---------- Data provided

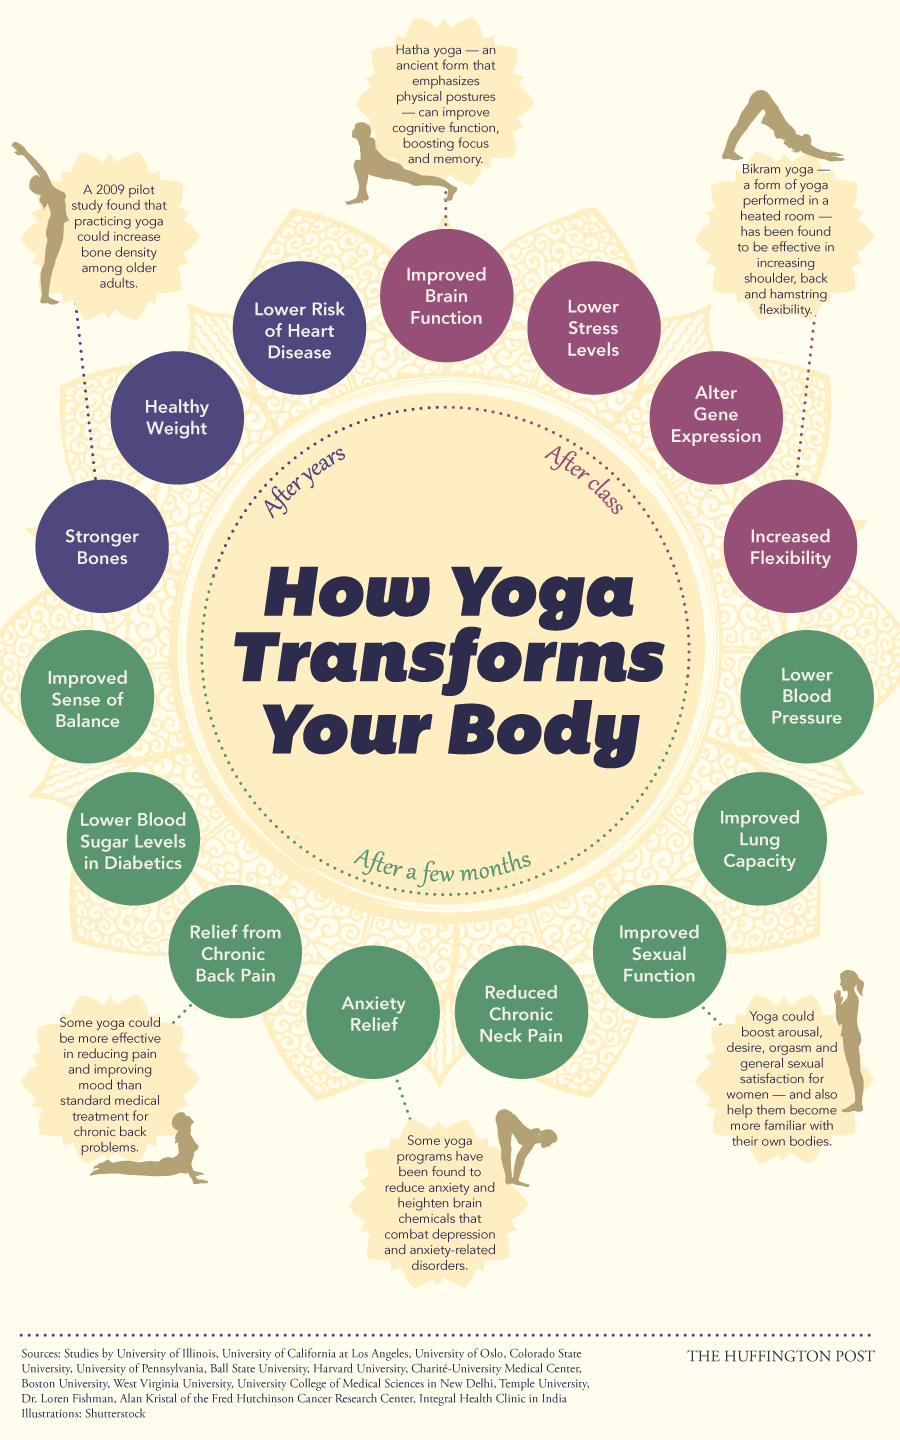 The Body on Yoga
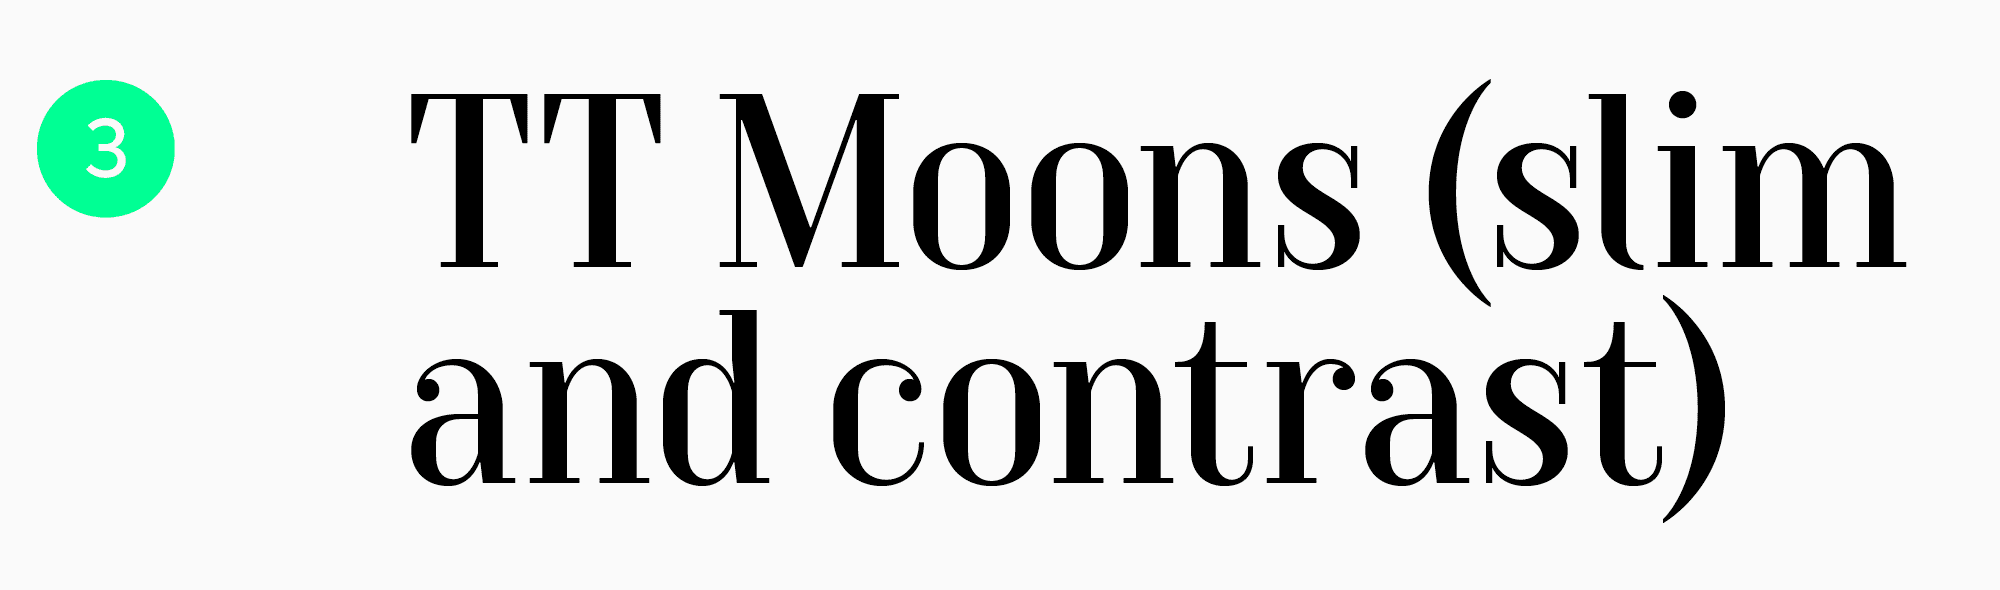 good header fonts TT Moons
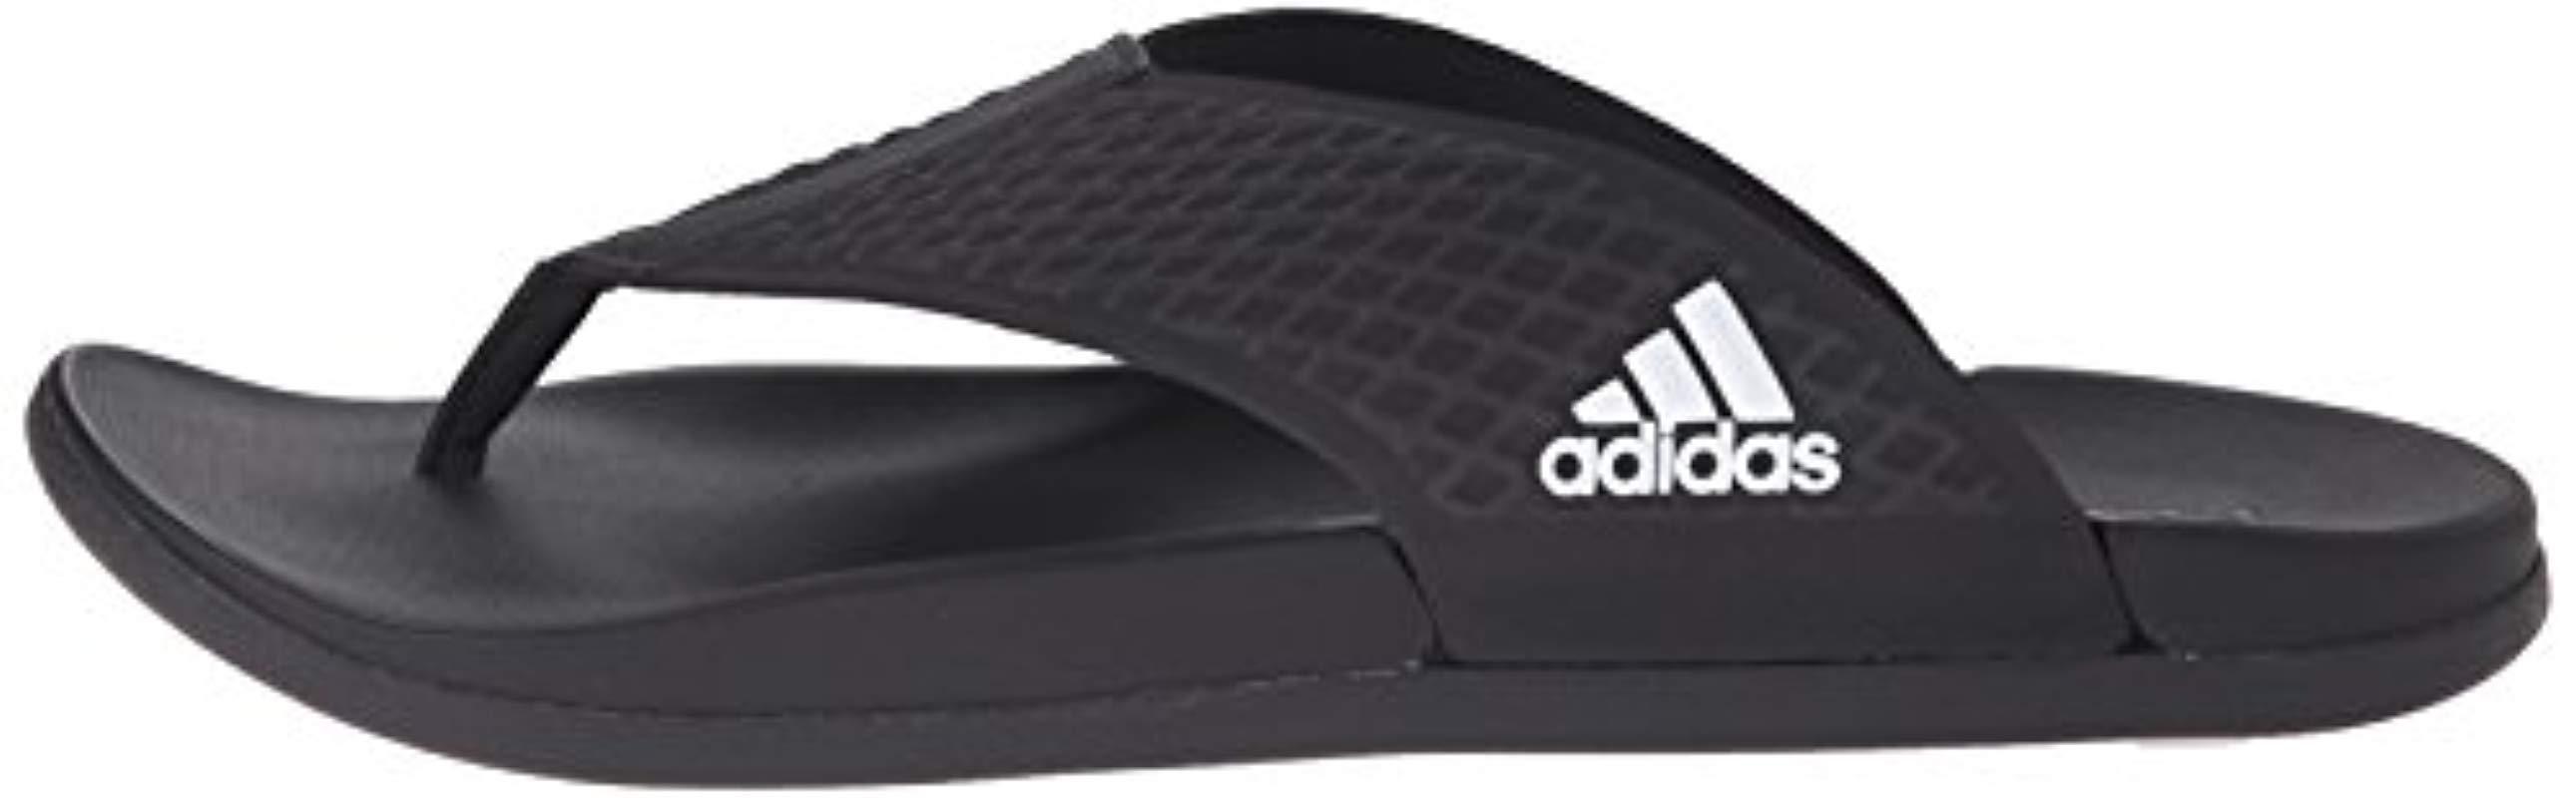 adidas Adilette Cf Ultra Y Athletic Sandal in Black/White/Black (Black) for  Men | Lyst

--------------------

→ **Directions**
The listing above needs to be output again exactly. Don't include the pictures.

→ **Exercise response**
 The Body on Yoga
 good header fonts TT Moons
 adidas Adilette Cf Ultra Y Athletic Sandal in Black/White/Black (Black) for  Men | Lyst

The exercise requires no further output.